7. The electronic device of claim 6, wherein: the processor is a graphics processor; wherein, the element dot product unit in each tensor calculation core of the graphics processor is correspondingly embedded and configured with a decoder, an adder and a shifter.

8. The electronic device of claim 6, wherein: the processor is a tensor processor; wherein a decoder is configured at the boundary of the systolic array of the tensor processor; the size of the ripple array is n multiplied by m, and the number of the decoders is n+m; n and m are the number of rows and columns of the systolic array, respectively.
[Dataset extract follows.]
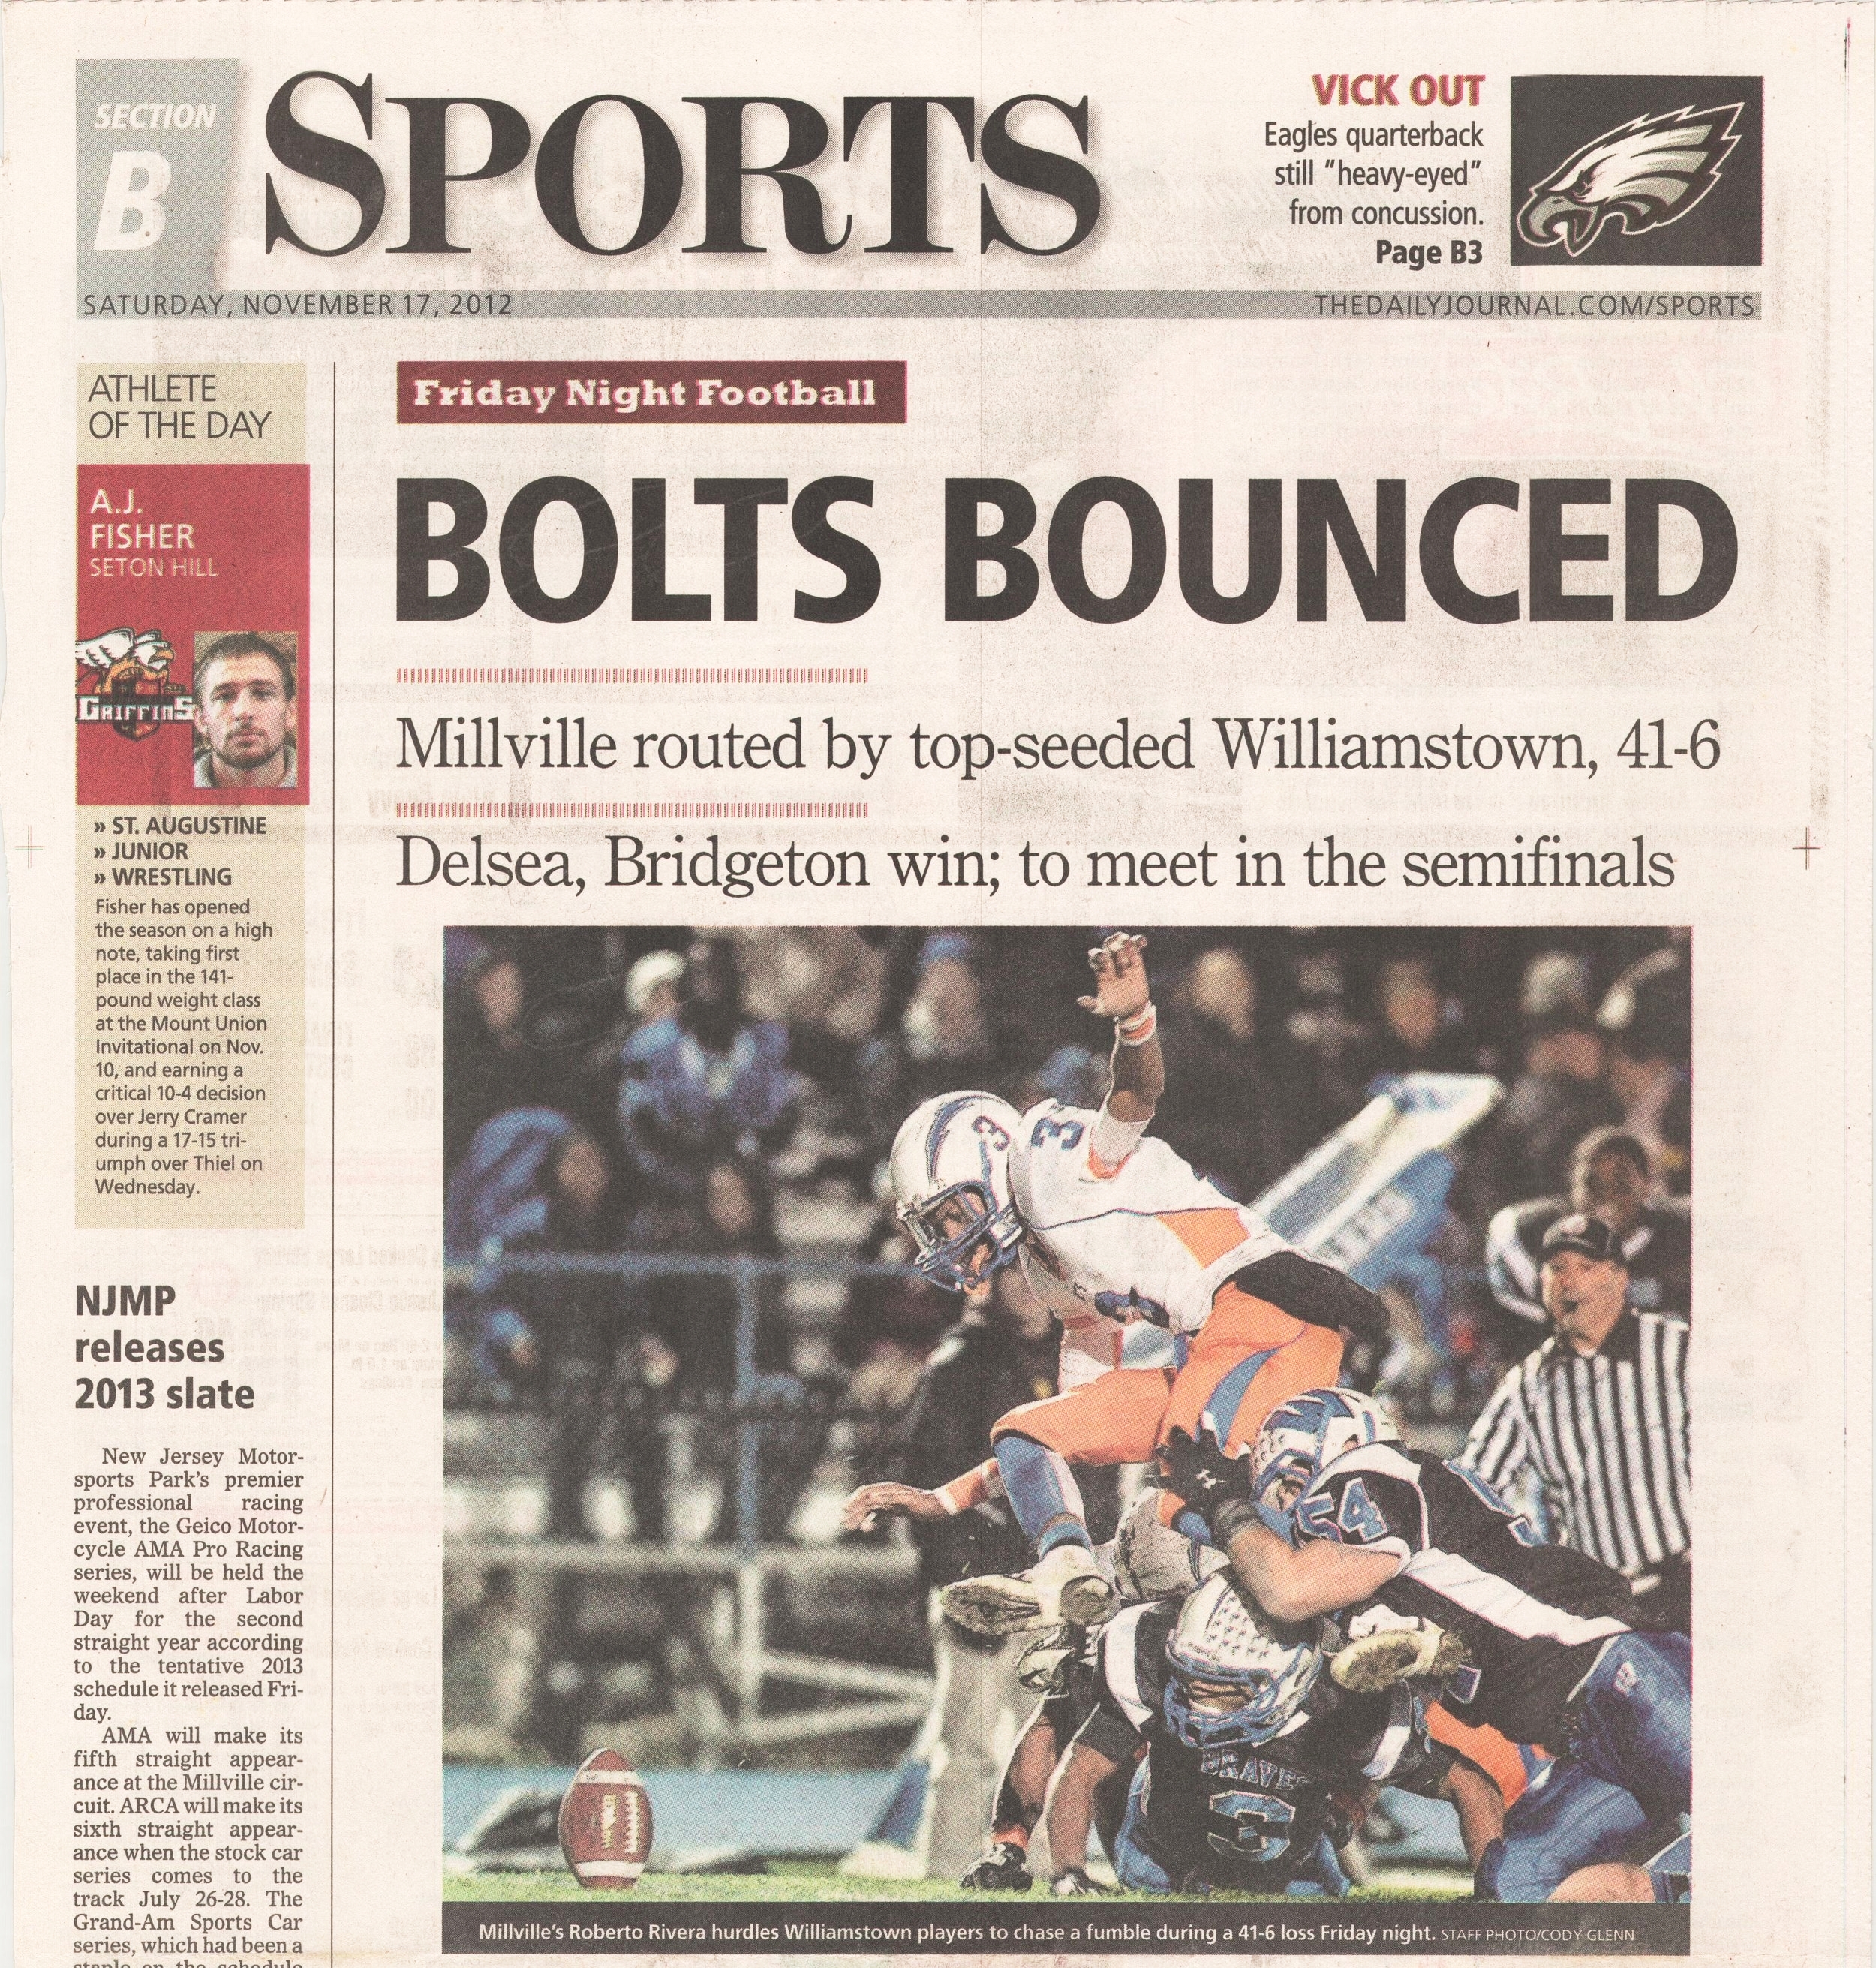  Millville v Williamstown playoff football November 17, 2012 /  The Daily Journal  
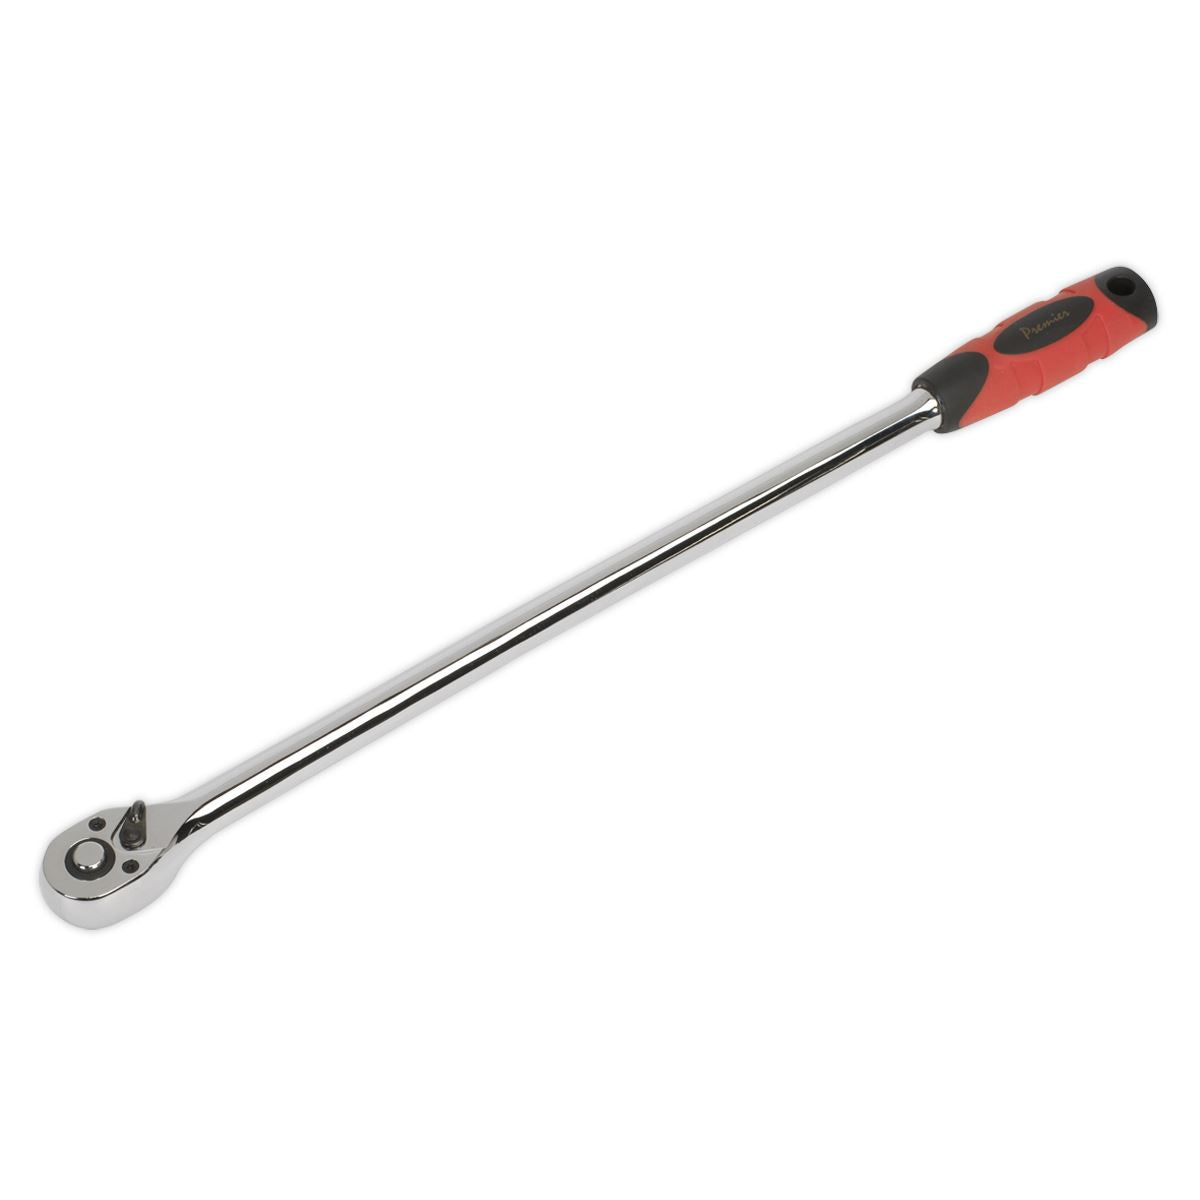 Sealey Premier Ratchet Wrench Extra-Long 435mm 3/8"Sq Drive

9. The electronic device according to claim 6 or 7, characterized in that: the decoder includes:

an abnormal value judging unit for judging whether an abnormal value exists in the pairing of the input data;

a normal value decoder that outputs a normal value in the pairing to the original code;

an outlier decoder decodes outliers in the pairing into exponent-integer pairing values.

10. The electronic device of claim 9, wherein: for floating point data types with offsets, the decoder decodes the exponent by an exponent versus offset relationship; the radix is decoded by a relation of the radix and the input data.